New house, (nearly) new car, new navigator...
We
moved house just after the Cilwendeg, up-market to a two-car garage… with a 3-bed
semi-detached joined on. Only just in
time too, as very soon afterwards I acquired one of the very last genuine Ford
Mk II Mexico / RS2000 bodyshells, finished in primer, at the huge cost (in
1983) of £1,150. (I can’t remember
whether the VAT was included or extra.)
The
rally car was left outside while Peter Croft and I got to work on the
shell. It didn’t really matter that I
wasn’t any good at welding, because Peter was (and probably still is) a welding
artist. Every run is the same size as
the last one and a beauty to behold. We
had the official Ford Escort rally preparation book and we did the full works. Additional seam welding, gussets, rear damper
turrets, fully fitted roll cage… we even removed the standard tunnel and
replaced it with the one for the automatic Escort (with a few modifications to
the gearbox, this enables the box to be removed without taking the engine out).
We
spent at least three weeks, every night, working on that shell before it went
off to Copy Nook Garage to be painted.
Bright red on the outside, black interior, and white inside the bonnet
and boot for maximum visibility in the dark.

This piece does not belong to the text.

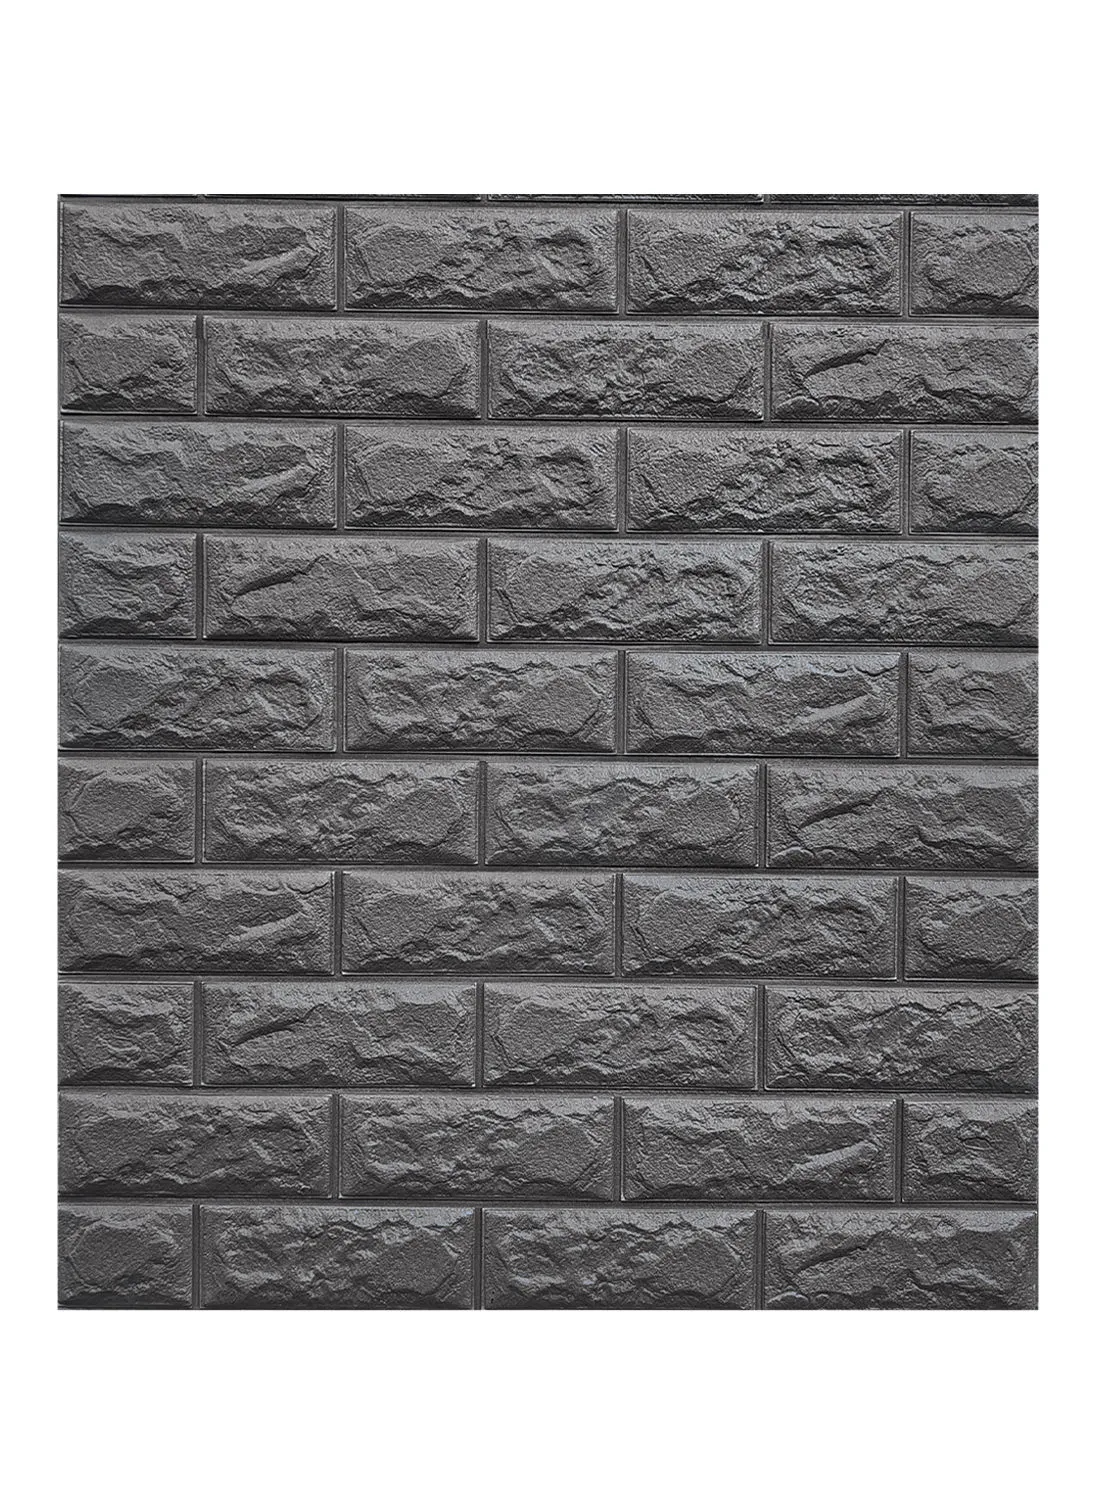 Switch Self Adhesive 3D Foam Set Of 10 Wallpaper Premium Quality For Home Office Restaurant Self Install Dark Grey
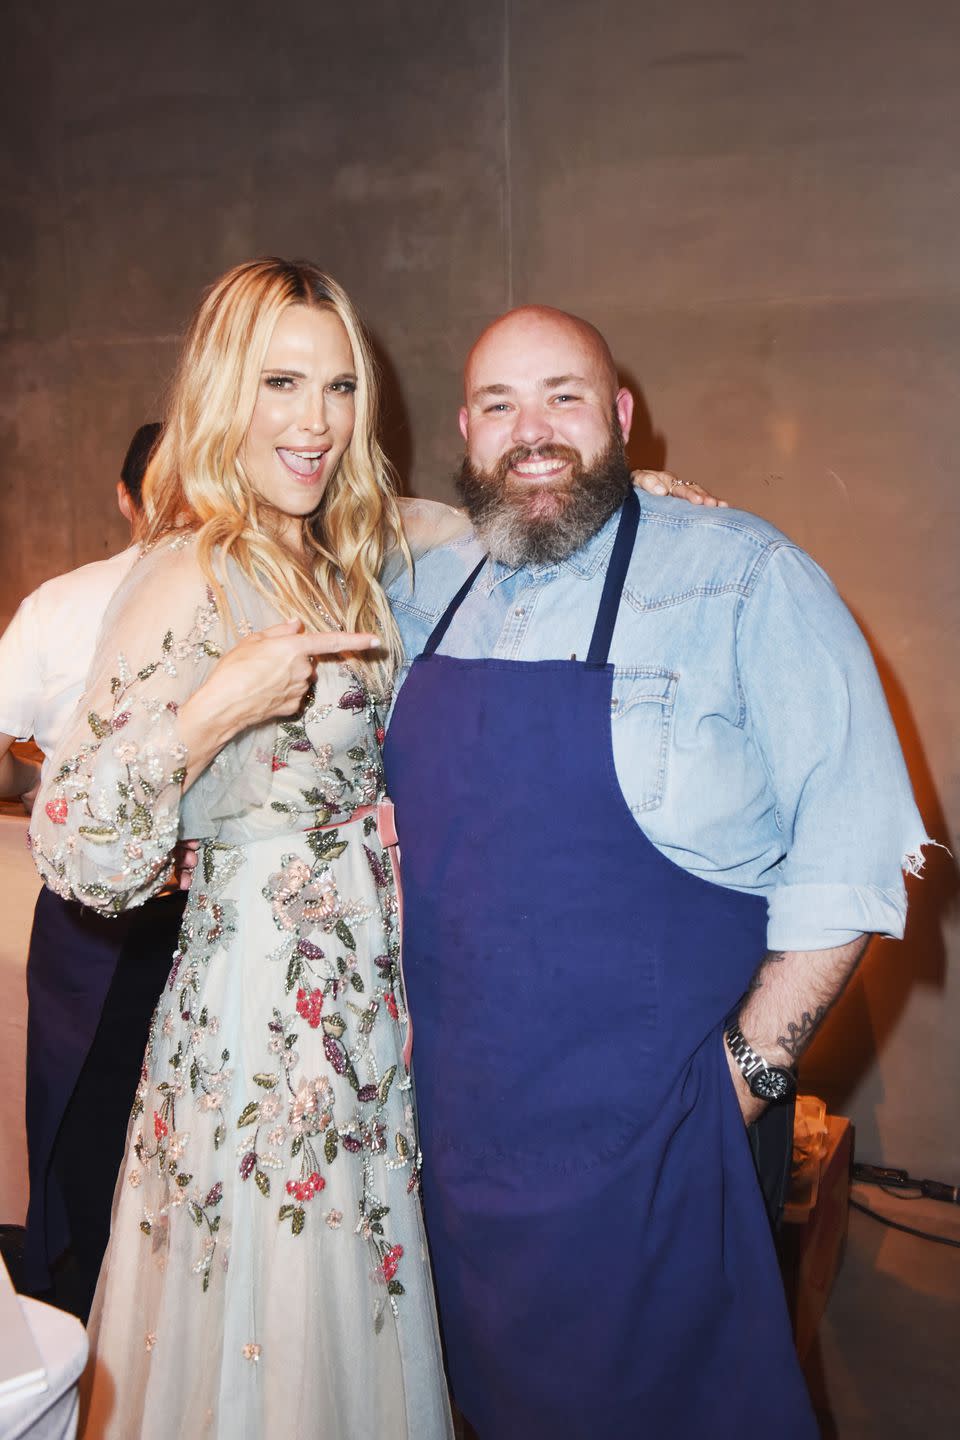 Molly Sims and Evan Funke of Felix

Then back home and just before swapping everything over, I thought I
should treat the underside to a Waxoyl finish.
I’d only just started spraying when I started feeling high: luckily, Val was at home so I went and found
her and asked her to keep an eye on me in case I did some drug-crazed
damage. Not having taken any drugs
before in my life (apart from alcohol… oh, and nicotine, but I gave up smoking
when I was 14) I wasn’t sure what might happen next. I survived intact.
After
that, it was a case of swapping everything over. Over the previous couple of
years, I’d got to know Gordon Birtwistle. Gordon was – and still is, well over a decade
after he could have retired – the ‘go-to’ man for rally car suspensions. We must have hit it off alright because
Gordon seemed quite happy to come over frequently to make sure everything was ok. He had a great approach to his job – he would
always say “Your brain can only cope with so much at once. If half of its energy is spent on keeping the
damn car on the road, then there’s only the other half left to sort out all the
important stuff – like “where’s the
road going next?” and "can I push it just a little
bit more?" So for goodness sake, get the
car handling right. If you’re doing 70
mph on the motorway you should be able to take your hands off the steering
wheel and let it carry on in a straight line”.
Gordon had seen cars that needed 80% of brain power just to keep them on
the straight and narrow.
That
reminds me of something I forgot to mention earlier. I bought the car from Ian Parrington in late
81 or early 82, won at least two rallies and scored a reasonable number of
points in the MN championship, mainly in the first nine months of 1983. Between the Bolton Midnight and Mull, I took
it up to Copy Nook Garage, the garage at Bolton-by-Bowland that Ian and his
father ran. We decided we should
completely remove the front suspension and check everything over. Gordon was there when we were doing it. “Hang on a moment chaps,” he said, “Let’s
take another look at those Bilstein struts…”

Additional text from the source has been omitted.